Task directions ▸ Show the lines of the material that contain the word "España".

-*-*-

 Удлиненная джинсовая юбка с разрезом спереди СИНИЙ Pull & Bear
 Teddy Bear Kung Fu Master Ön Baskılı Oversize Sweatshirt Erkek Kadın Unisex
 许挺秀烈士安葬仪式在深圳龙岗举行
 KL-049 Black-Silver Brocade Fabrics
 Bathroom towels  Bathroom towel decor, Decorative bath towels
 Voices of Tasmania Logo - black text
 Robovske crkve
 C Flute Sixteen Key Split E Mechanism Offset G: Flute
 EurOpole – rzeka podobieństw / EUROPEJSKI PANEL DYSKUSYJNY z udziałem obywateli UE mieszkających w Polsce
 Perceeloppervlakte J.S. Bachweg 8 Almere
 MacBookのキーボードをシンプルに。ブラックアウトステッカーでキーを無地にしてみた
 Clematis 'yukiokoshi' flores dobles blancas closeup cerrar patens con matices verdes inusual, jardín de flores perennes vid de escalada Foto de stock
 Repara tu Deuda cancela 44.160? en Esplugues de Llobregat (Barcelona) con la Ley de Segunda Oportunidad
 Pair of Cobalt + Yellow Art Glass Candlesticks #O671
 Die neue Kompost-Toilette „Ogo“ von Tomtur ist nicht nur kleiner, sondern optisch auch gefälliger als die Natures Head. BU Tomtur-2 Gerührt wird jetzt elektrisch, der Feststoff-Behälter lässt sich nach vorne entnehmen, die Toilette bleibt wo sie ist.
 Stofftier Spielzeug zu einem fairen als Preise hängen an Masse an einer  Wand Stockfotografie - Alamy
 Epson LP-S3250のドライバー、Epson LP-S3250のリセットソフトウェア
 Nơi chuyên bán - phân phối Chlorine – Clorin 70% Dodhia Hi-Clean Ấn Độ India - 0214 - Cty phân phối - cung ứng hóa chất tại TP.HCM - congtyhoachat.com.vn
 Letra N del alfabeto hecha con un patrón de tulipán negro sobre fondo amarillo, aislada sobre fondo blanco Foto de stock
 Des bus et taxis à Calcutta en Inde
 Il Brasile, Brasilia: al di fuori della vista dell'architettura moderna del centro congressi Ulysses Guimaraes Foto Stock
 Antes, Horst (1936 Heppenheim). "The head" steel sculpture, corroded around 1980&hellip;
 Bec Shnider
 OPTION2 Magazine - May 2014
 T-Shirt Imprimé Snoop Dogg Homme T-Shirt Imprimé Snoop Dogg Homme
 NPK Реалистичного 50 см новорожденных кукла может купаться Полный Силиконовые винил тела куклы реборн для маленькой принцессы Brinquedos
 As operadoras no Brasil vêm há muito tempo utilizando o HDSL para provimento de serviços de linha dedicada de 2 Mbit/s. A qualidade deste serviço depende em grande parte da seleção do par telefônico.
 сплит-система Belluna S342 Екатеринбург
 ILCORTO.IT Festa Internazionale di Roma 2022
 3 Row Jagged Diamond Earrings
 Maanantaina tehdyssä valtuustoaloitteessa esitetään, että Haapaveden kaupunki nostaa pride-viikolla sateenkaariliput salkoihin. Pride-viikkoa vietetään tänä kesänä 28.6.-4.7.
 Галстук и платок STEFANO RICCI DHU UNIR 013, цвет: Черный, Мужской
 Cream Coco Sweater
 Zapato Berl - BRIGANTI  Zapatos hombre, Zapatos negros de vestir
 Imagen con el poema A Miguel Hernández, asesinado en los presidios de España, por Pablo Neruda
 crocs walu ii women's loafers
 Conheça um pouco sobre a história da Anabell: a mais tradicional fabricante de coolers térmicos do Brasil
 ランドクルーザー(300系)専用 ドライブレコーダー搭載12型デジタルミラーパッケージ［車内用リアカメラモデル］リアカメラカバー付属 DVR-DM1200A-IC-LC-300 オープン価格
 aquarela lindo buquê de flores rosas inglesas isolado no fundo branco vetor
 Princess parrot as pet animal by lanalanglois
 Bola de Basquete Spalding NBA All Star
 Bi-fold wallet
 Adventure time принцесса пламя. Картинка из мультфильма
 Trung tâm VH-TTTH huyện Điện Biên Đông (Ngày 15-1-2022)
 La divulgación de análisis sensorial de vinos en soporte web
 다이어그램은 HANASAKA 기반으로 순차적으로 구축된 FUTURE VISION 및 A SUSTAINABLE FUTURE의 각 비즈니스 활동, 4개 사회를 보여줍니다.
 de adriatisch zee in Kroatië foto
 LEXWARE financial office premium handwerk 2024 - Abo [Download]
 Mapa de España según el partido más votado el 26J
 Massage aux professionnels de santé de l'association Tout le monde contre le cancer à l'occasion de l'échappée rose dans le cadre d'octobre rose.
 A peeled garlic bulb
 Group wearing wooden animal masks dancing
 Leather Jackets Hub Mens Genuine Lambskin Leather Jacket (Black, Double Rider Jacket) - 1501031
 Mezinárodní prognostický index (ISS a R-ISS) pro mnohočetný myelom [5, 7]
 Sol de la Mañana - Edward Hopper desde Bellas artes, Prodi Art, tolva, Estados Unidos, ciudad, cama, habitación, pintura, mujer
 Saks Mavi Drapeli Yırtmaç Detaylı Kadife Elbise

-*-*-

Exercise result ▸
 Imagen con el poema A Miguel Hernández, asesinado en los presidios de España, por Pablo Neruda
 Mapa de España según el partido más votado el 26J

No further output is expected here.